By Aaron J. Sender
It’s not unusual these days for a talented grad student to develop software to automate his labmates’ work. Yet when Jin-Long Li, now a postdoc at Creighton University in Omaha, submitted a paper to Genome Research describing his software for genotype data, he got a call from an incredulous reviewer. “He asked me very seriously,” Li recalls, “‘Are you sure that Microsoft Access can manipulate all this data?’”
But Li has managed to push the run-of-the-mill software to its limits, transforming it into an automated genotype management system, called GenoDB, that allows his cohorts to spend more time conducting experiments and analyses and less time whipping the data into shape.
Creighton researchers Robert Recker and Hong-Wen Deng began whole-genome scans for genes linked to osteoporosis two and a half years ago. It wasn’t long before they had a data-handling problem. They were generating hundreds of thousands of pieces of genotype and phenotype data. “To keep it all straight, doing it by hand is tedious and almost impossible,” says Recker. In fact, the lab’s 10-plus students and technicians were spending more than 80 percent of their time managing the data. “It’s a big informatics problem. Every laboratory that does this work struggles with it and there aren’t a lot of commercial solutions,” says Recker.

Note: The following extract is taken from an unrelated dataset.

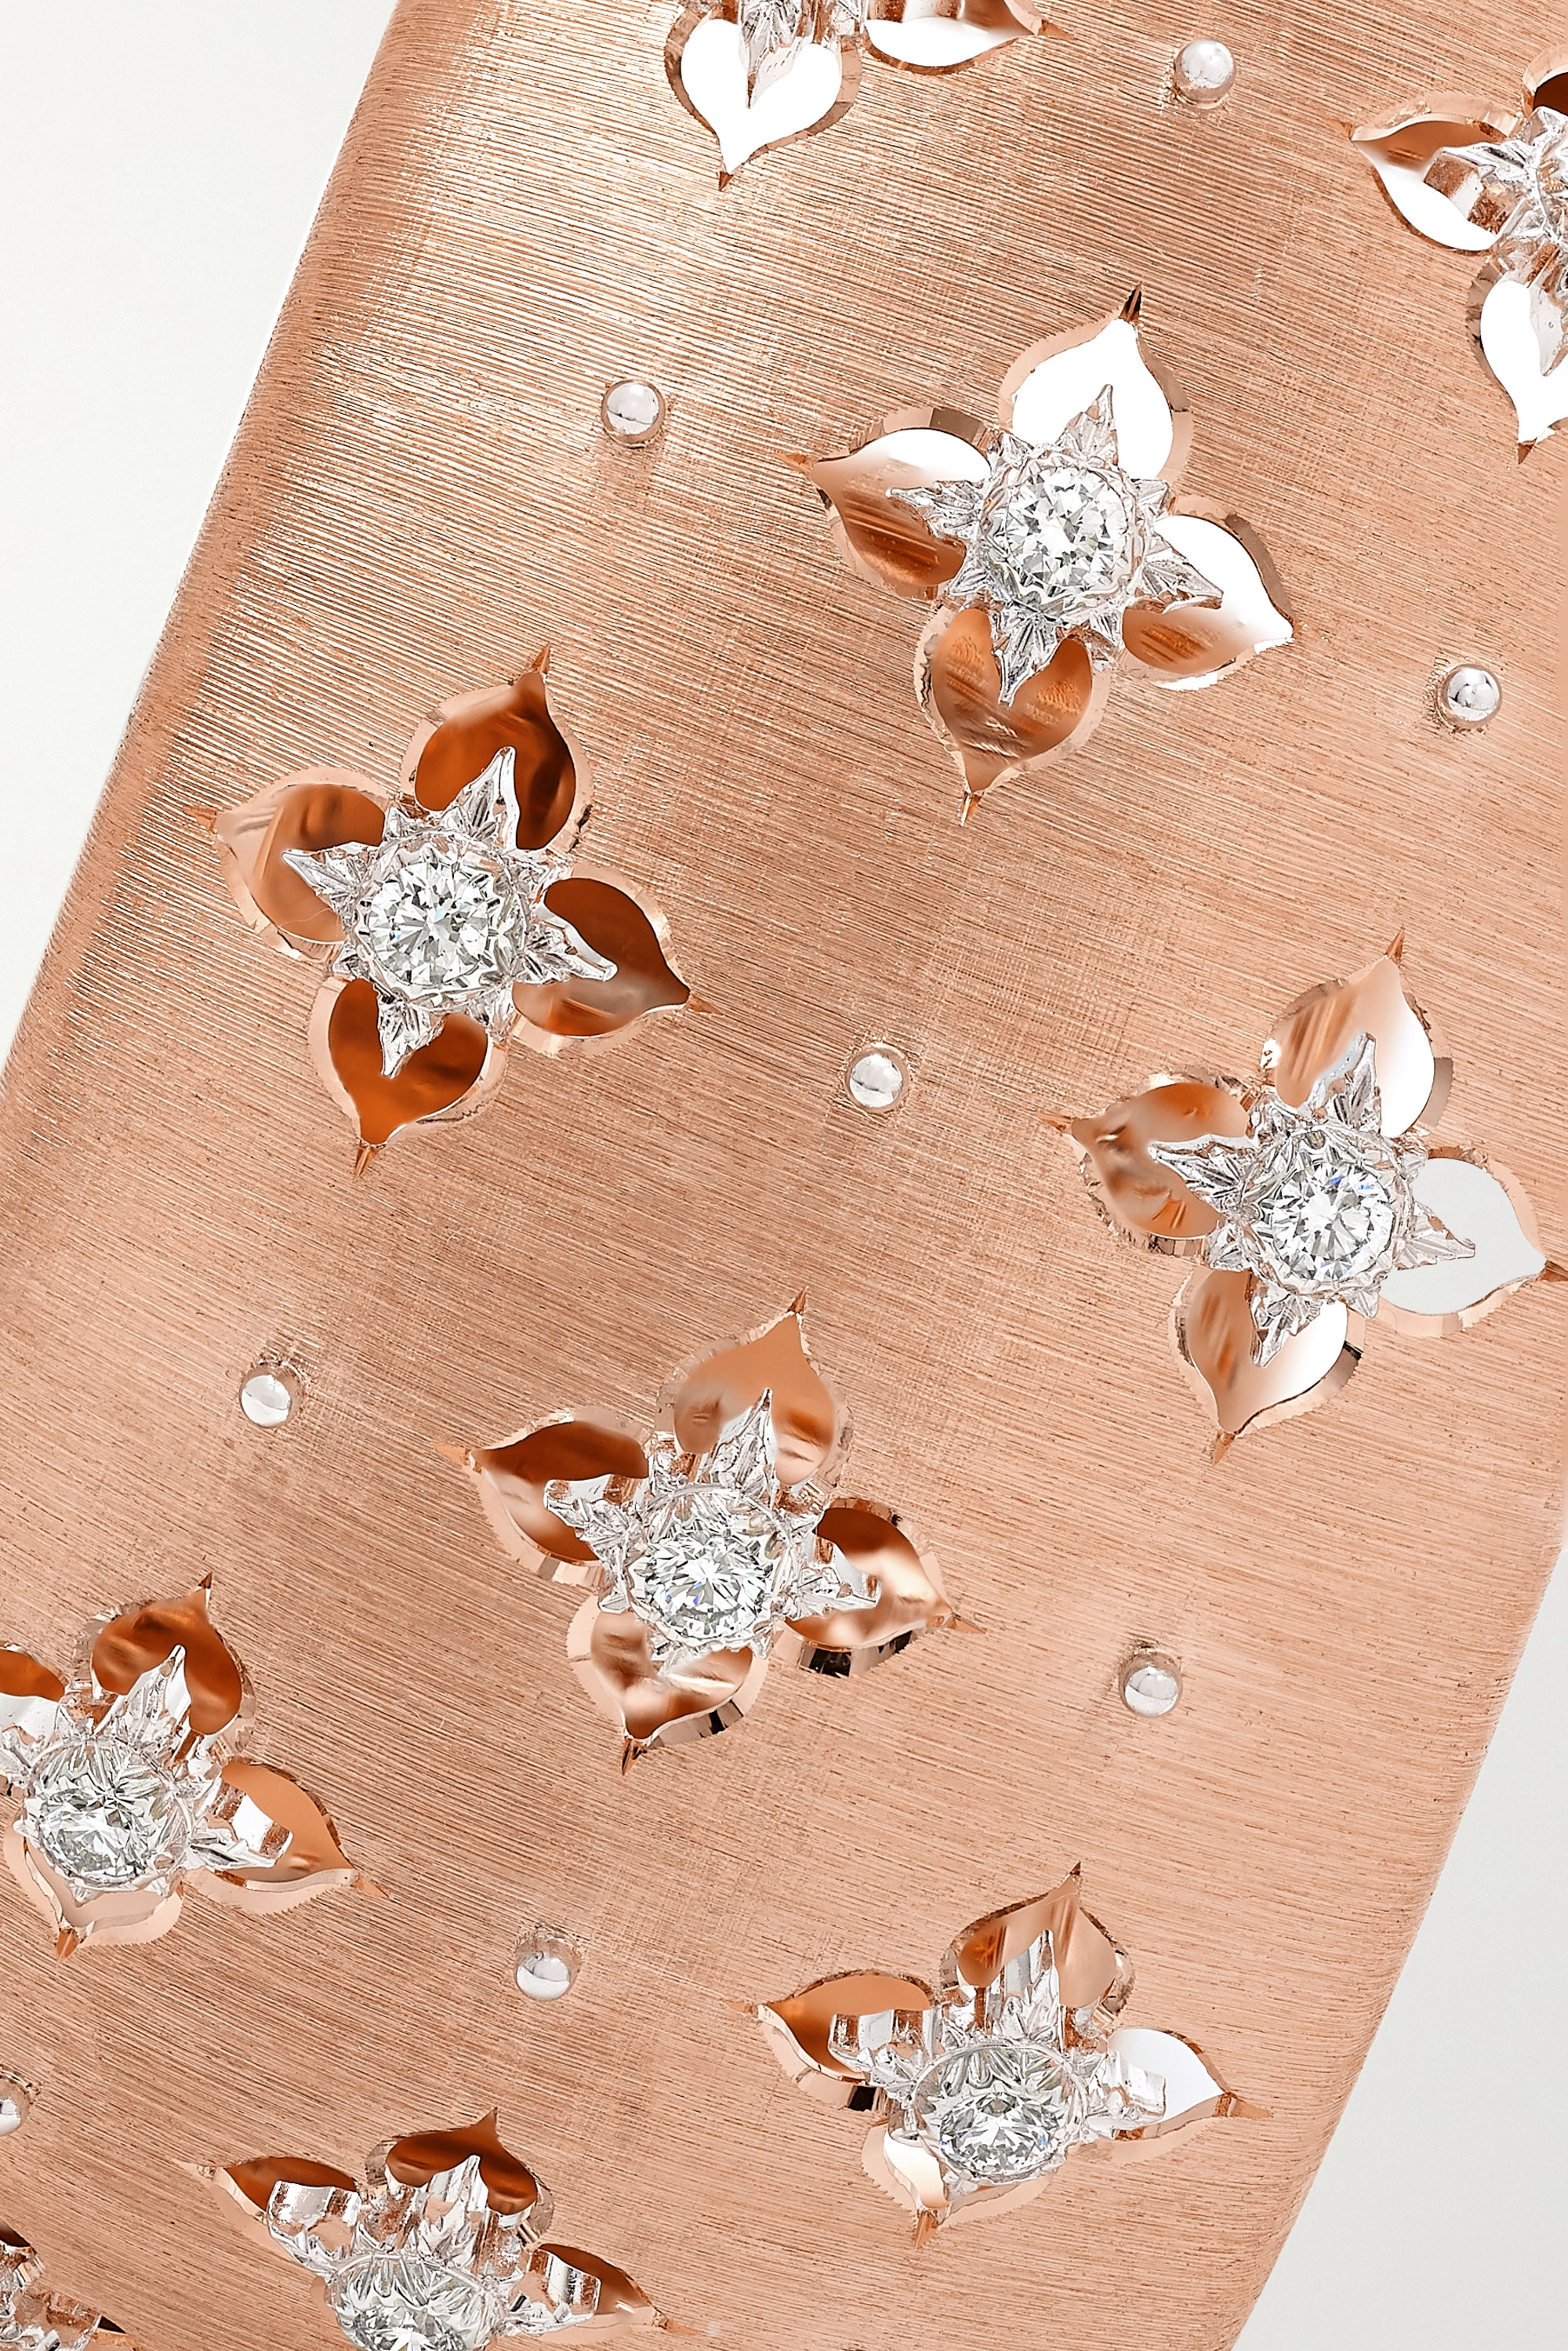 Rose Gold Macri Giglio 18-karat Pink And White Diamond Cuff   Buccellati

So they took matters into their own hands. Li — then a PhD candidate in their lab who was also earning a master’s in computer science — was charged with building an automated database management system to widen this bottleneck to high-throughput genotyping. He turned to Microsoft Access, which Li says, despite some limitations, offers a small university lab exactly what it needs. “It’s cheap, commonly available and it’s portable, so everybody in the laboratory can use it,” Li says. The raw genotype data is simply converted into an Excel file and dumped into the Access database.
GenoDB, designed to process data generated from microsatellite markers, has four main automated features: comparison of data from experiments run by different individuals, adjustments for discrepancies of allele size from experiments run on different gels or machines, automatic classification of the alleles by fragment size, and compilation of the data into Excel files that can be checked against hereditary patterns. Furthermore, when experiments are repeated GenoDB automatically checks whether a corresponding file already exists.

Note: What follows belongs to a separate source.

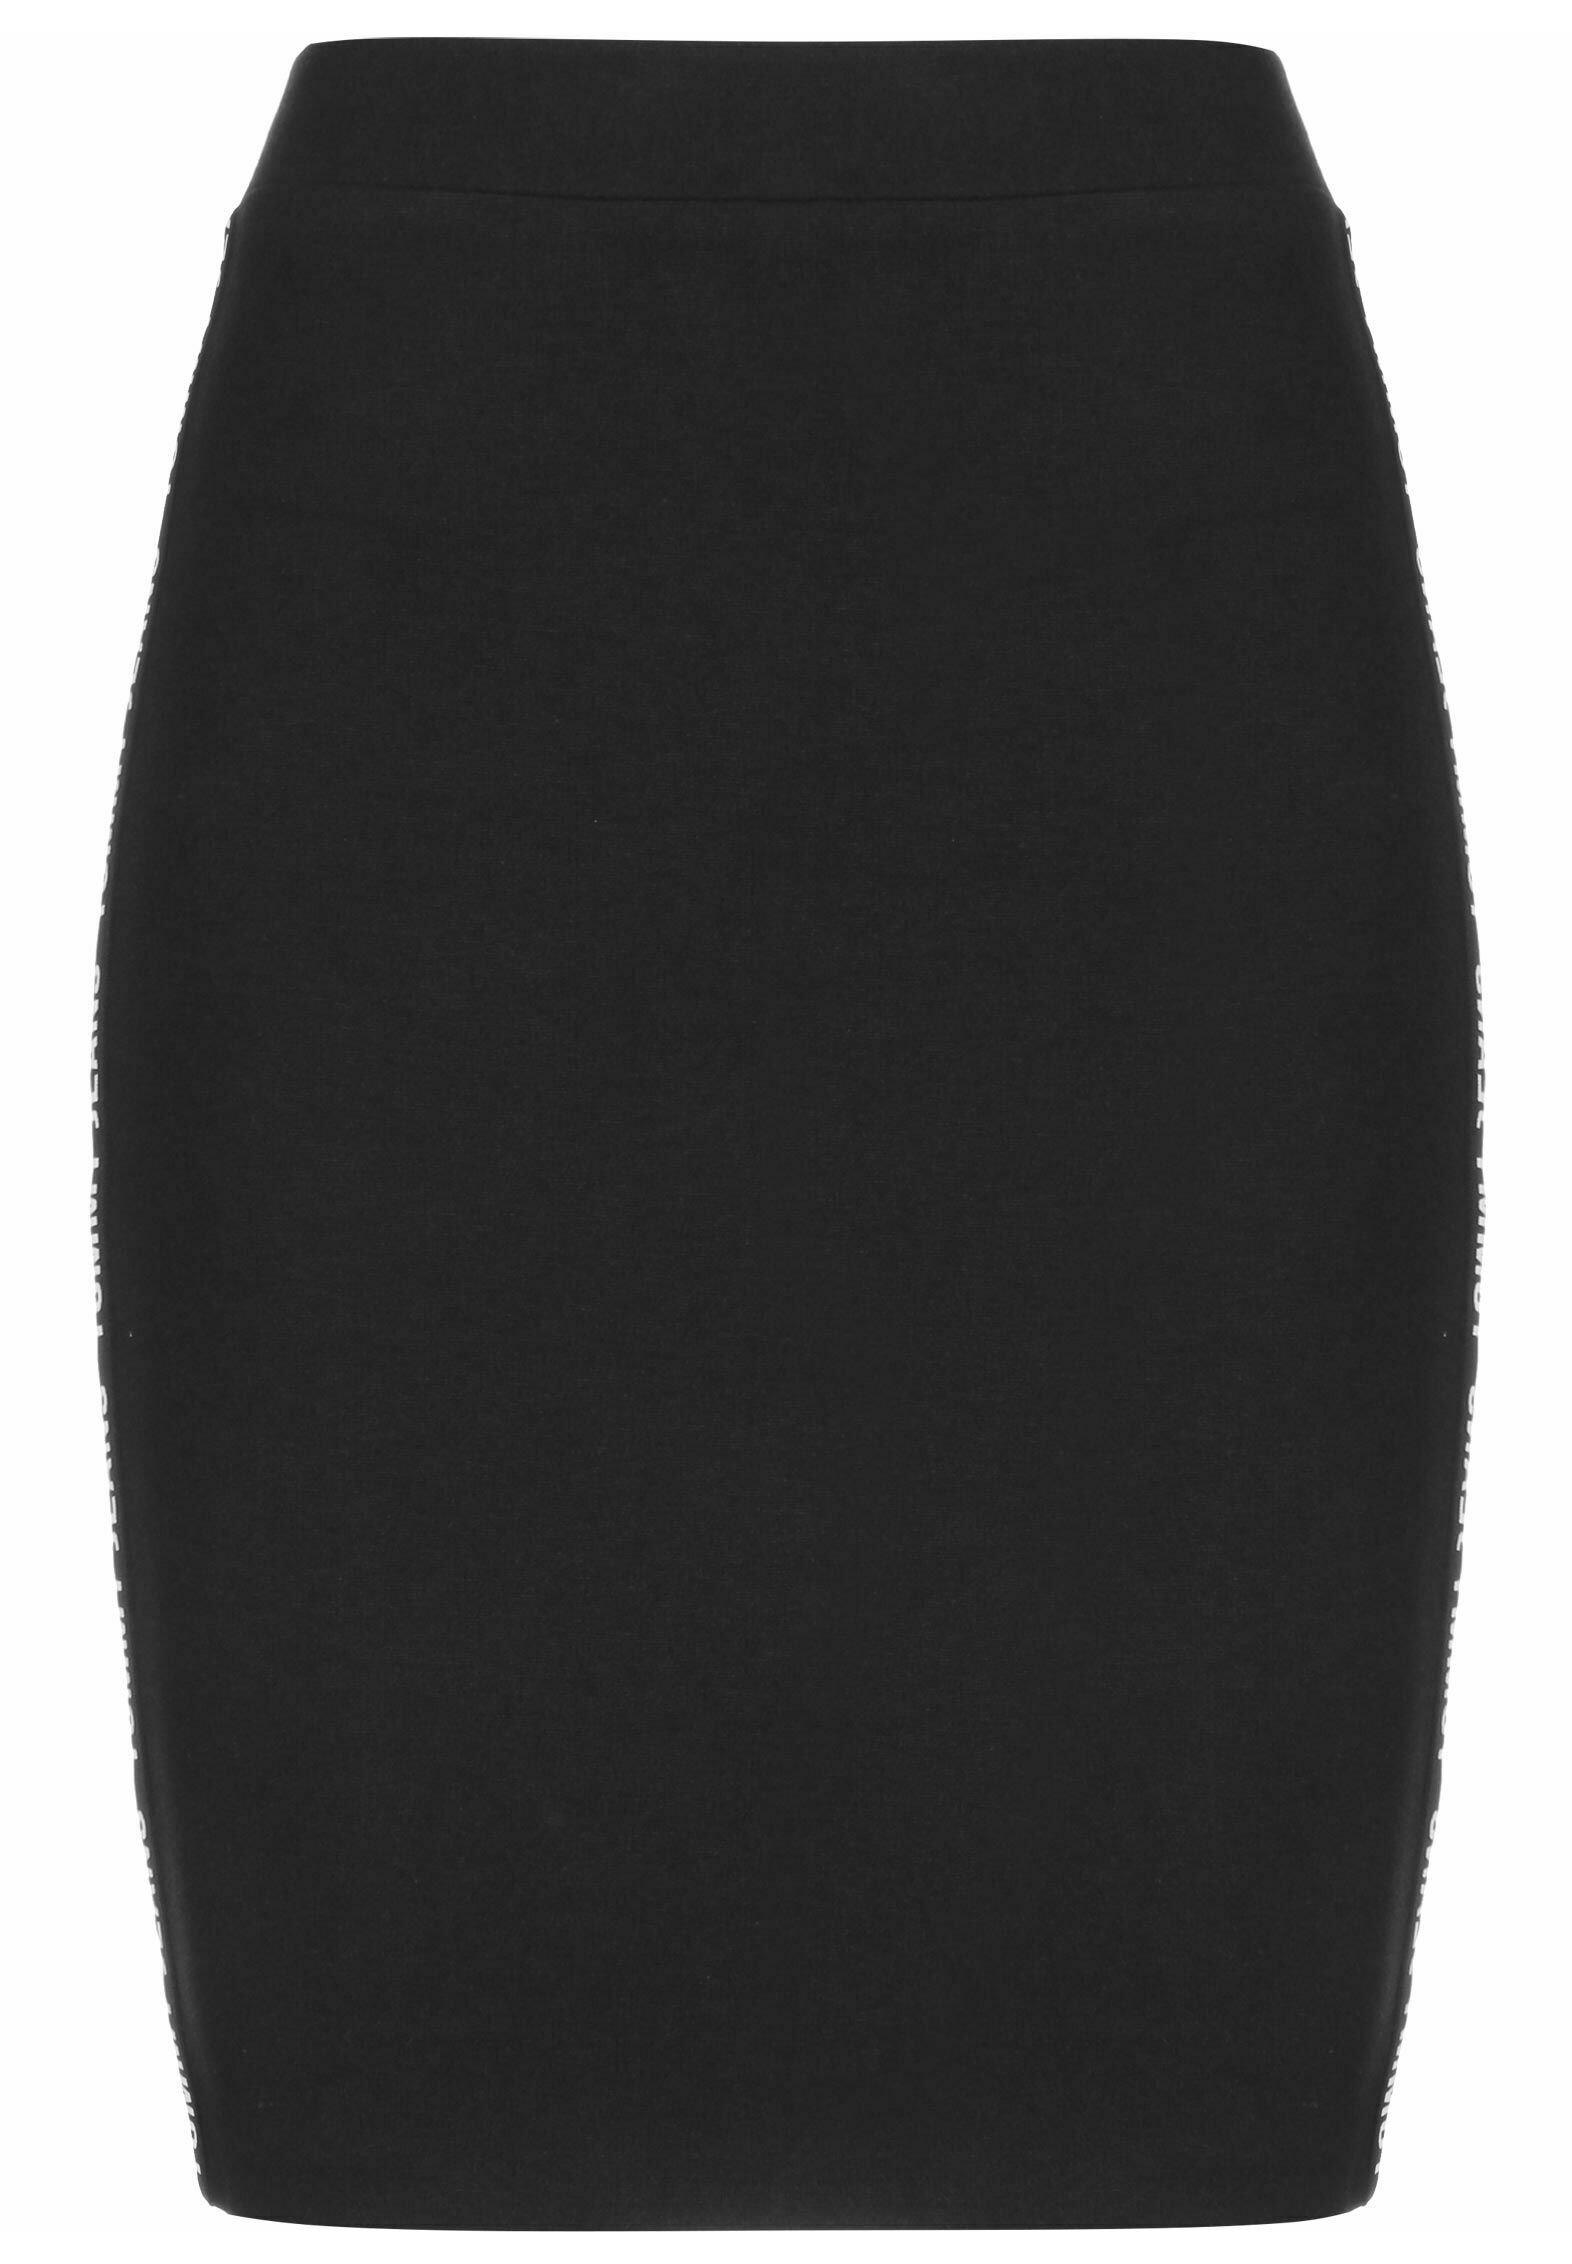 Femme ROCK SPORTSWEAR - Jupe crayon

After GenoDB was installed at the Creighton lab, time spent on data management dropped to 30 percent. But as more and more data were produced, Microsoft Access began bursting at its seams. “When you manage lots of data the speed is very slow and sometimes the program crashes,” says Li. To deal with this problem researchers divided their set of 250,000 genotypes into 28 subclasses, and have set up a separate GenoDB for each one.
The software may have its limitations, but Li points out that what the lab has made available free to academic researchers is only version 1.0. He is now working on extending his GenoDB algorithms and modules to more robust database platforms, such as Microsoft SQL server and Oracle.
As is, GenoDB may not hold up to standards of large commercial genotyping projects, but serves a need for academic labs with tight budgets. “It would seem useful to have different levels of data management software,” says Recker. “And this provides a level of data management software which would be useful for university laboratories and smaller industry laboratories.”